→ **DATASET EXTRACT**

=====

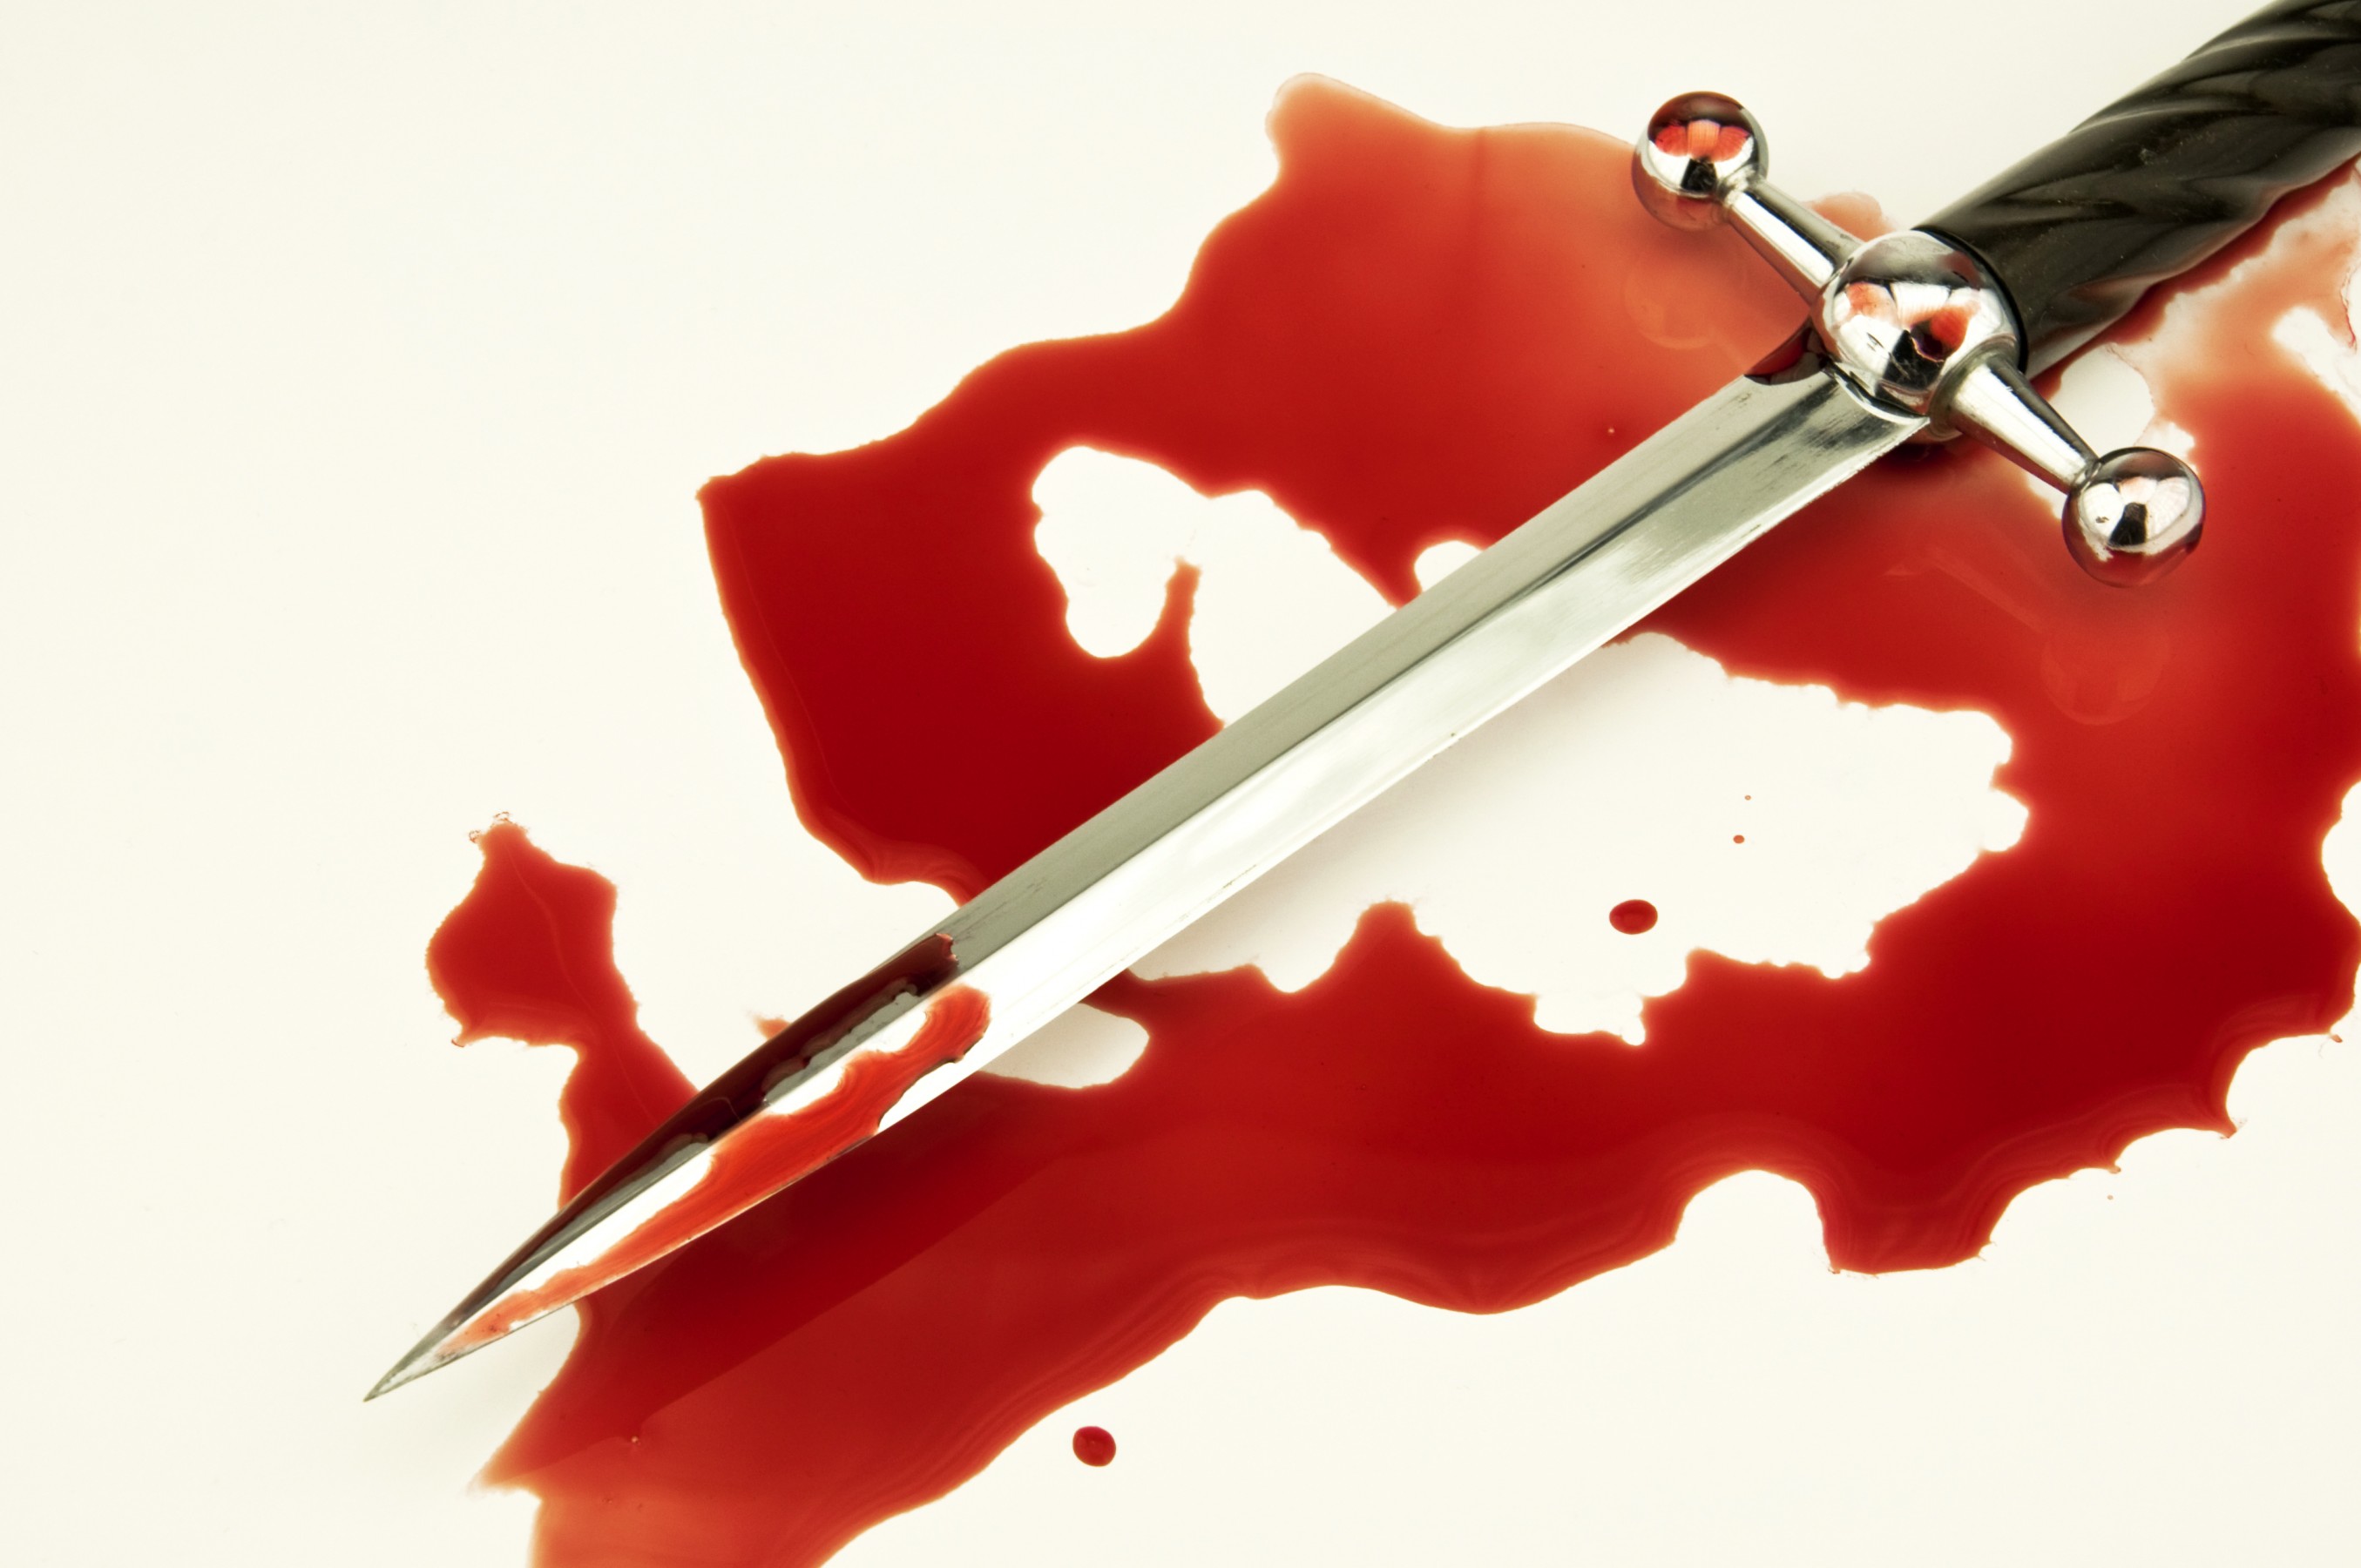 Нож в крови на столе
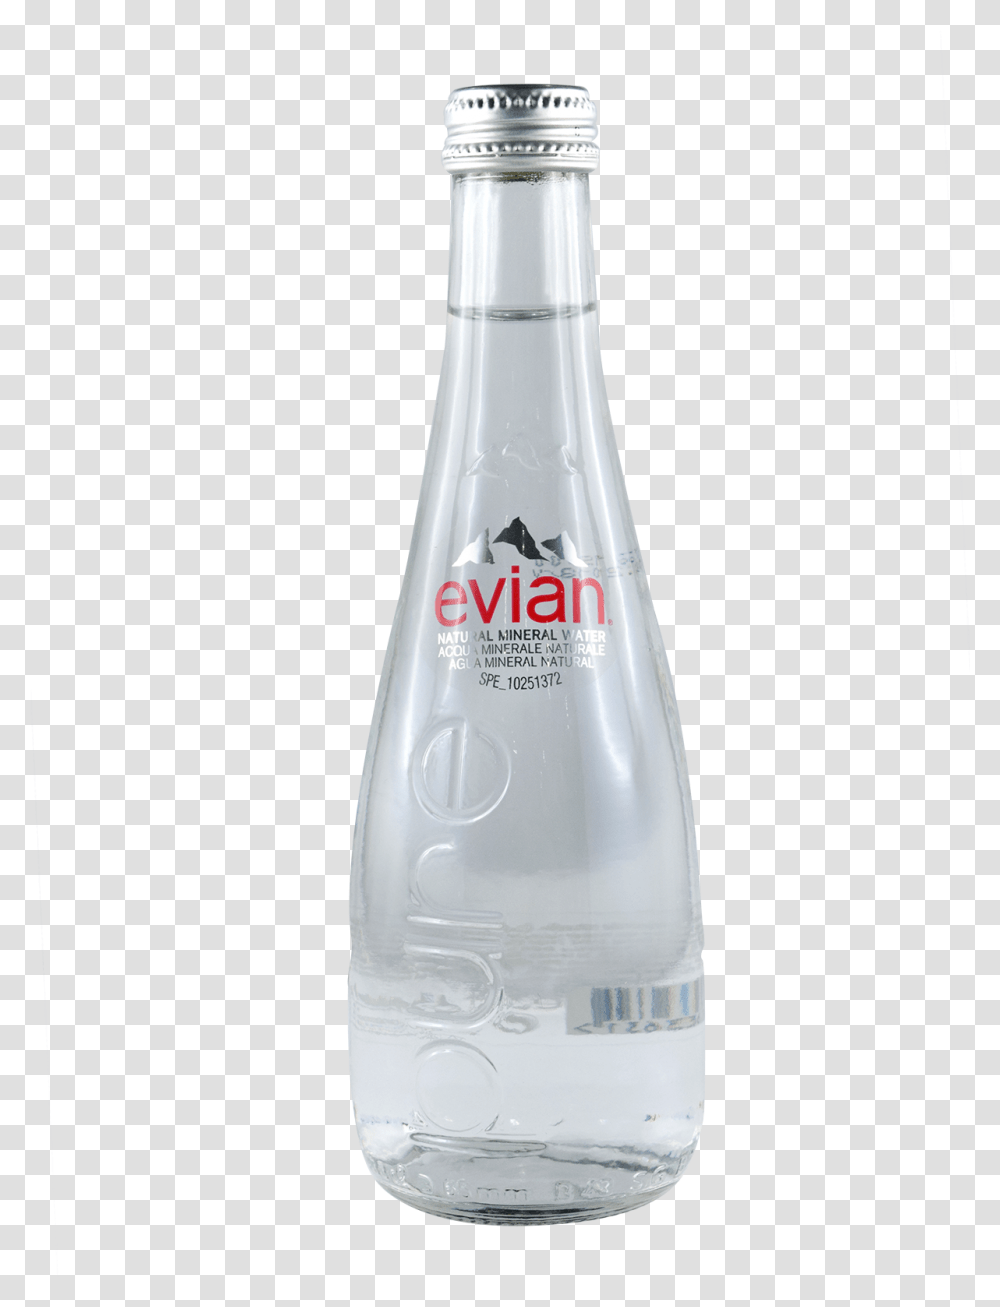 Evian Mineral Water Glass Download, Pop Bottle, Beverage, Drink, Shaker Transparent Png
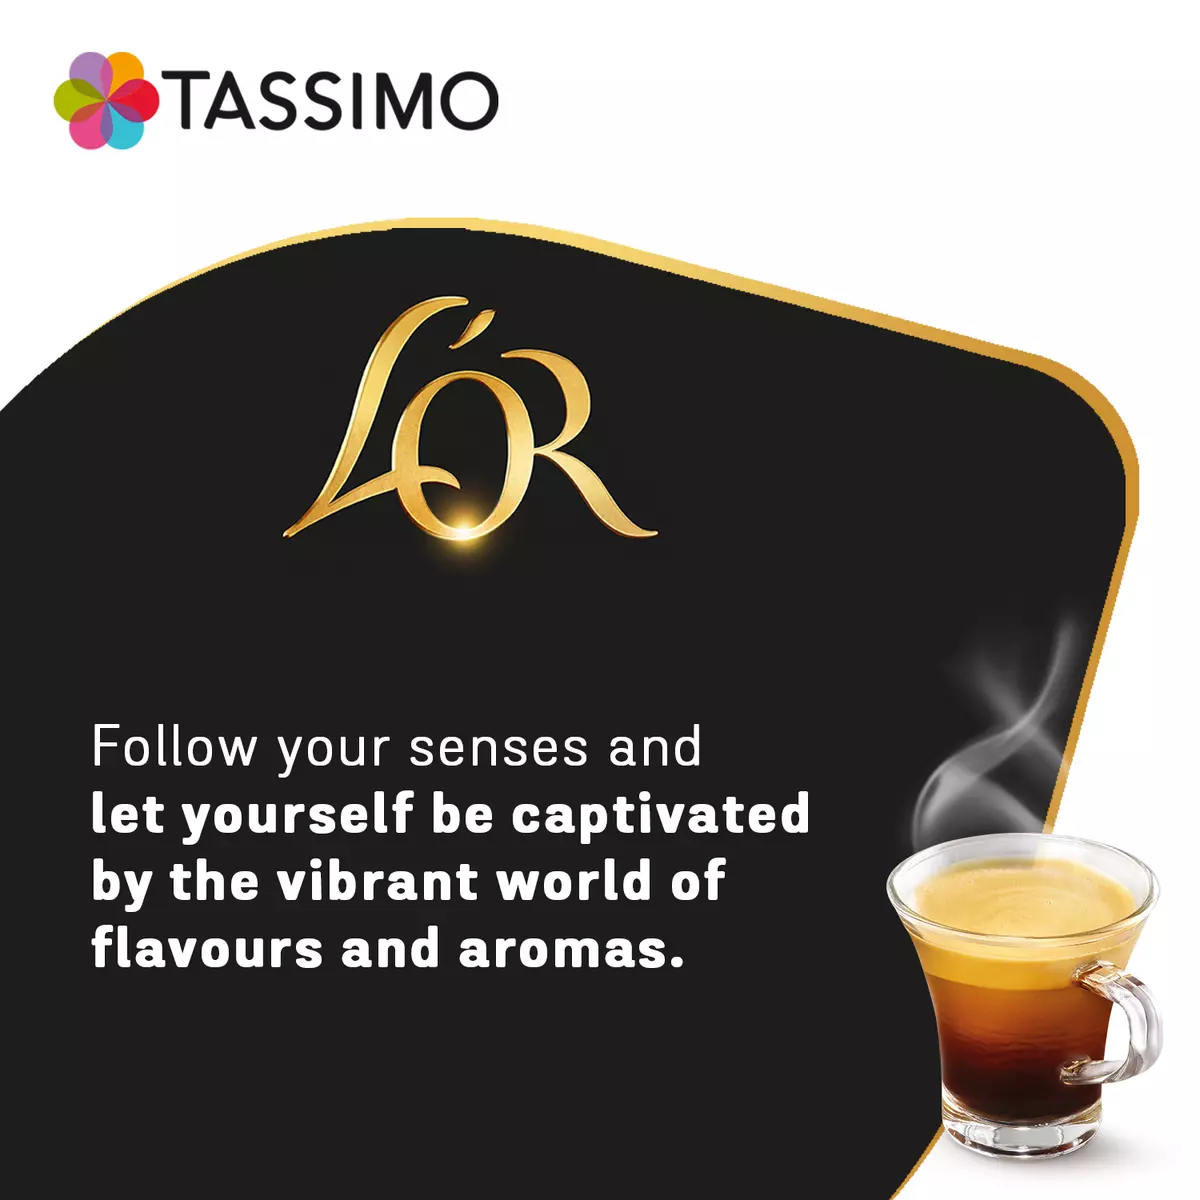 TASSIMO : L'Or Espresso - Dosettes de café espresso classique
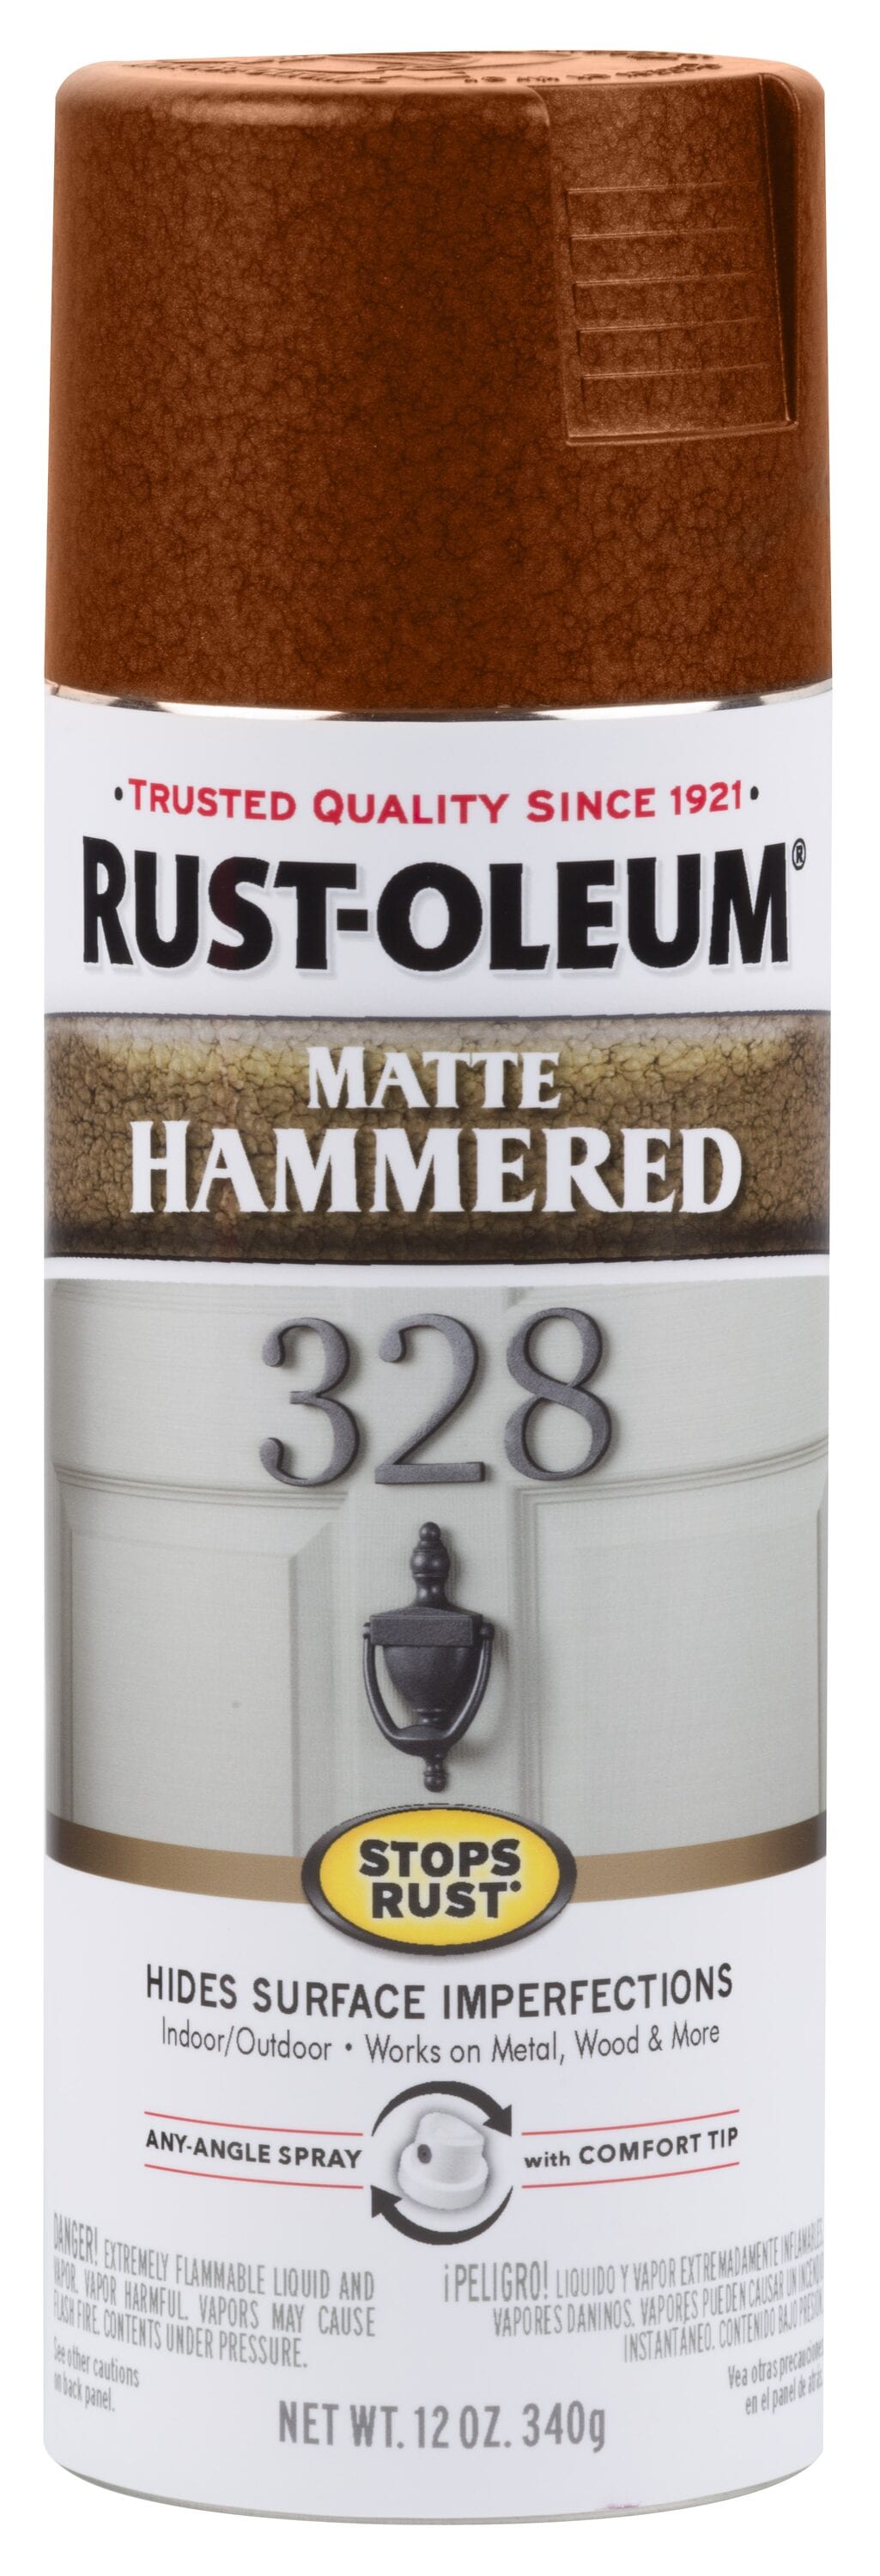 Rust-oleum Metallic Multi-purpose Spray Paint Gold Chrome Copper

=====

→ **WHAT YOU HAVE TO DO**
Every line of the listing should be repeated exactly; no picture should appear.

→ **SOLUTION**
 Нож в крови на столе
 Evian Mineral Water Glass Download, Pop Bottle, Beverage, Drink, Shaker Transparent Png
 TASSIMO : L'Or Espresso - Dosettes de café espresso classique
 Rust-oleum Metallic Multi-purpose Spray Paint Gold Chrome Copper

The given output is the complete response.